Ukraine’s raid of Russian bot farms continues

The Secret Service of Ukraine (SSU) dismantled two bot farms in Kyiv and Odesa this September alone. It also accused an operator of a bot farm in the Carpathian region, dismantled in 2021, of coordinating his actions with Russia.

Two bot farms seized

On September 3, the SSU Cyber Department said it had dismantled two bot farms.

A 5,000-account-strong bot farm in Kyiv was created and administered by a 24-year-old native of the Zaporizhzhia region, currently living in Kyiv.

The accused registered fake accounts using Russian email services and virtual numbers of Russian and Belarusian mobile operators. He allegedly forged documents of Ukrainian citizens for verification in some cases.

The operator rented out or sold bots to the PR departments of political parties and Russian citizens.

The bot farm in Odesa was organized by four locals. They created and promoted social media accounts to “spread panic in the region.” The SSU said the group’s clients were from Russia.

During the suspects’ home searches, law enforcement seized computer equipment, four servers, over 250 USB modems, mobile phones, over 400 SIM cards, and bank cards.

Bot farm in Odesa and Kyiv
Bot farm seized in Ukraine. Image by SSU.

Bot farm operator in Ukraine faces up to six years in prison

SSU also shared an update about a powerful bot farm in the Carpathian region dismantled in 2021. It was allegedly used for misinformation campaigns, and its operator coordinated his actions with Russia.
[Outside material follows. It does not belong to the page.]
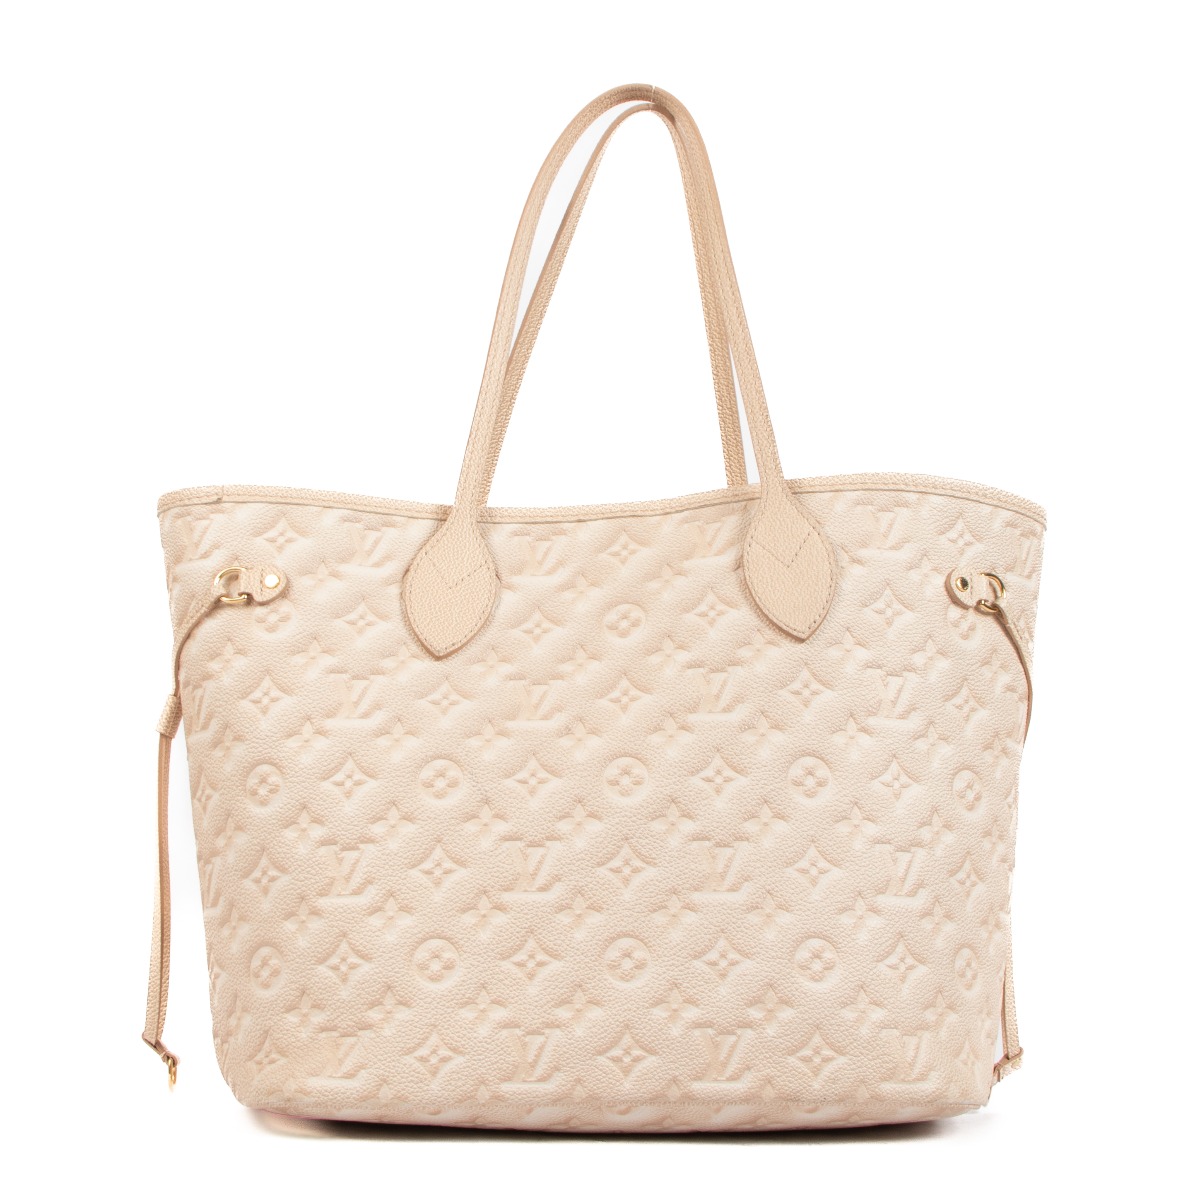 LOUIS VUITTON Stardust Neverfull MM Monogram Leather Tote Bag Pale Bei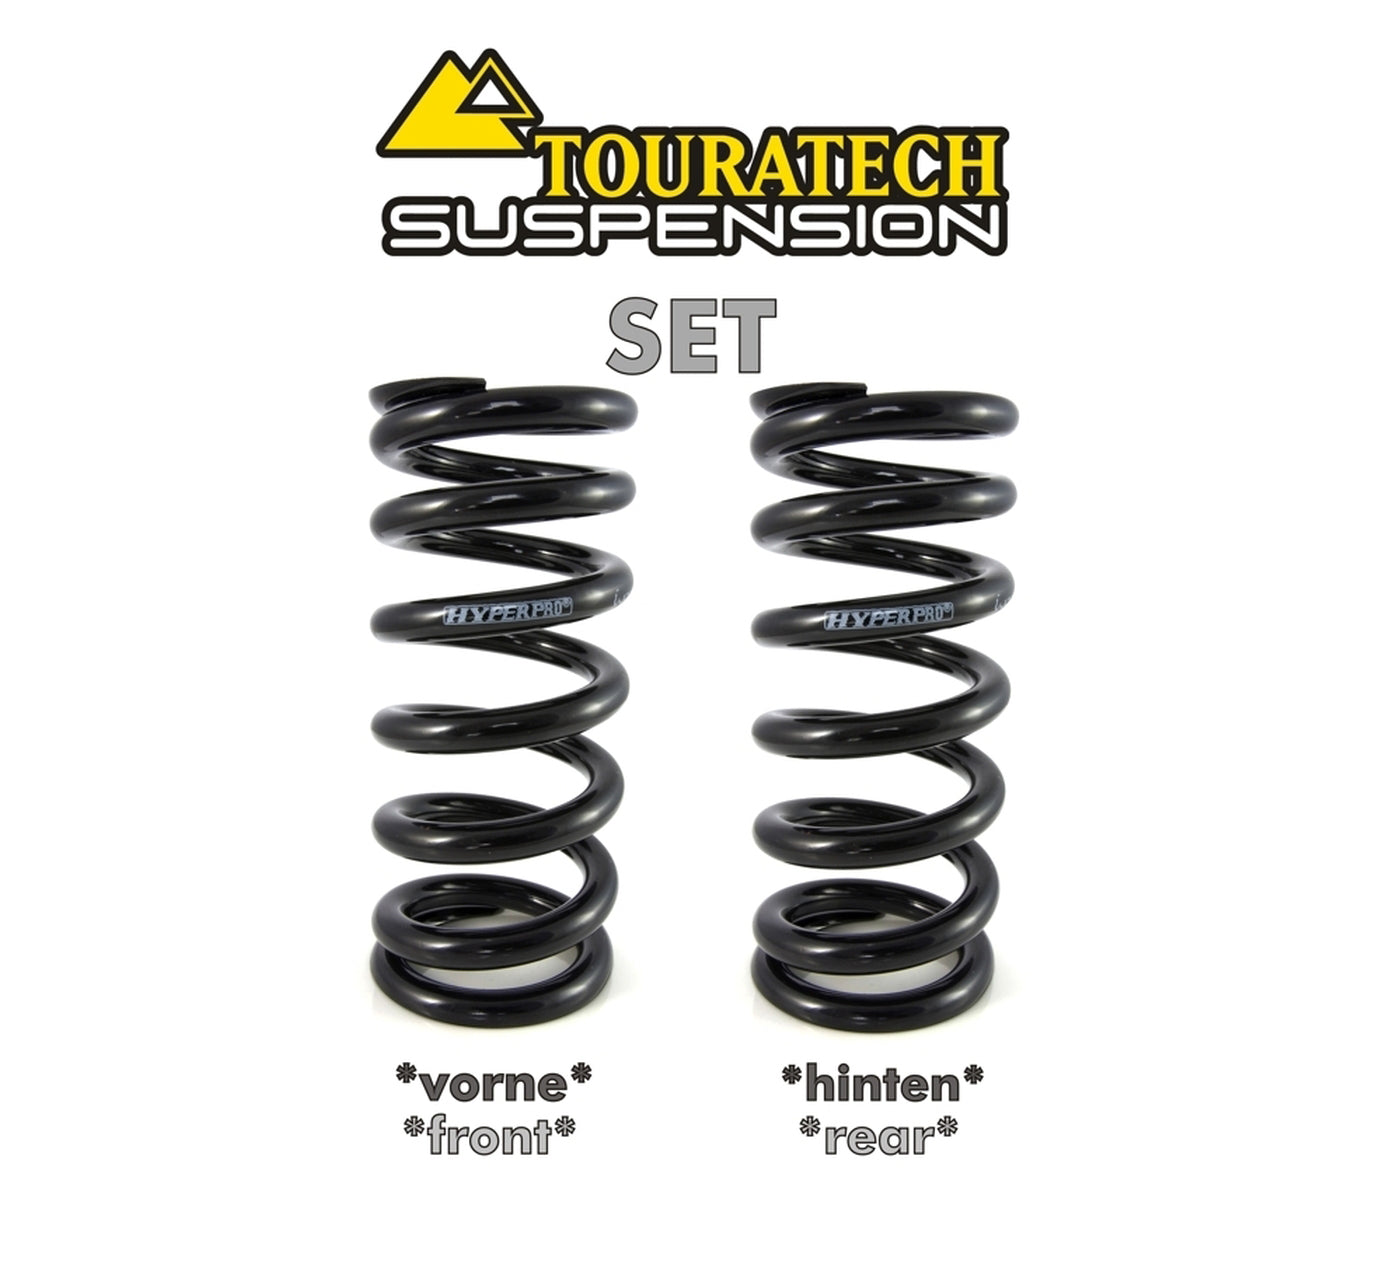 Touratech Suspension progressive replacement springs for BMW R 1100 S BOXER CUP REPLICA 1998 - 2004

The man behind the farm, whose identity is not disclosed in the statement, used almost 11,000 SIM cards of one of the Ukrainian mobile operators to create fake accounts.

A sizable Russian internet platform, illegally renting out other peoples’ phone numbers, created thousands of fake social media accounts that led, according to the Ukrainian Security Service, to a “large-scale distortion of the information space.”

The bot farm was used to sway people’s opinions in favor of the Kremlin.

The operator is now facing up to six years in prison.

“It was established that the person involved proactively reached out to the Russians through a specialized Telegram channel and agreed on the terms of cooperation and payment. After that, he received detailed instructions on how to start the bot farm. Representatives of the Russian Federation gave him access to the software, and the attacker purchased the technical equipment for the operation of the bot farm himself,” SBU said.